Btw, setup my SKB, twist the string 20 full twist and get 5" brace height 47.5" tip to tip.. Should I twist the string more? What is the brace height measurement to expect for this bow?


----------



## deezdrama (Aug 19, 2013)

Its a short braceheight, i think 5.25" - 6.25" is about right for these bows from memory.
If your using the included dacron string.... twist it up to desired bh, shoot a dozen and check it again, that string will take a couple days of shooting to stop stretching.

Shoot a dozen, check bh -twist, shoot a dozen ,check bh -twist ...........

Once it settles and stops stretching, i found small wisker type string silencers REALLY quieted this bow down and stopped that springy vibration sound after each shot. Then wax the crap out of the string and make sure to rub it in good till your fingers get hot


----------



## deezdrama (Aug 19, 2013)

The wax into the string that is... lol


----------



## wandyhee (Nov 15, 2006)

Got a chance playing with my bow and I'm shooting pretty good at 15 yard without hurting my thumb anymore.

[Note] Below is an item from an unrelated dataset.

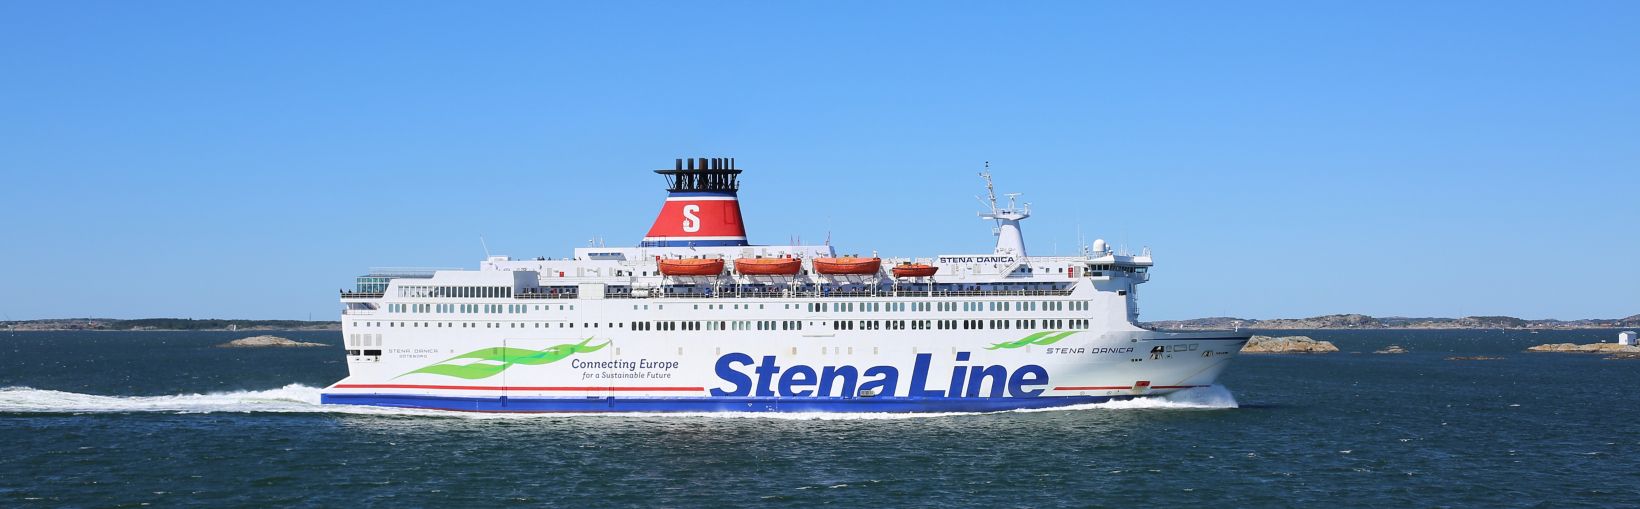 View of starboard side of Stena Danica at sea on a cloudless day

I think I really started to enjoy this bow


----------



## iswandy (Aug 18, 2007)

Okay, basically i'm the same guy who registered as wandyhee. reason is, I forgot my existing account but now I got it back when I saw old thread with familiar username reply some post related to arrow vanes.. thanks GOD! what a relief


----------



## iswandy (Aug 18, 2007)

deezdrama said:


> I tried a bunch of homemade ones even bought some.... it was just too uncomfortable for me and went back to fingers. I will admit - its a clean style of release if u can manage to stick with it


buddy, those brass thumb ring you have their are too thin, I've make one out of 3/4" PVC and it's not comfortable to draw the bow with it. I then modified it with adding the fitting and now I can shoot my 60# bow and draw it all the way to the ear (as anchor point) without any problem. Very simple to do as well.. picture below














































the last 2 picture above is how I lock my fingers while pulling the bow string


----------



## iswandy (Aug 18, 2007)

Do not bend (to hook shape) your index finger too much while drawing the bow, otherwise the string will hit tip of your index finger while releasing the string and it will hurt a lot!


----------



## iswandy (Aug 18, 2007)

deezdrama said:


> Well....
> The string that came with the mind 50 was labeled
> 50" 14 strand. I had to twist it 100 times to get it over 3" brace height. If i twisted it anymore it would fold over on itself.
> 
> ...


Have you got new string for your bow? I have to twist a lot to get 7" BH for my bow as well, I guess proper string length for this bow should be 46"~47"?


----------



## deezdrama (Aug 19, 2013)

Yes... they sent me the right one, pretty sure its 46.5" but ive since had a ff string made for it, i could measure it if u really needed.
Just make sure it isnt a 50" string, if it is then they sent the wrong one


----------



## iswandy (Aug 18, 2007)

Please measure it whenever you have chance to do so. Mine definitely come with 50" string, I've measured it already


----------



## deezdrama (Aug 19, 2013)

Did you get it from lancaster? Thats where i ordered mine and they sent a 50" string instead of a string for a 50" AMO bow. Send em an email and they will get the right string out to you.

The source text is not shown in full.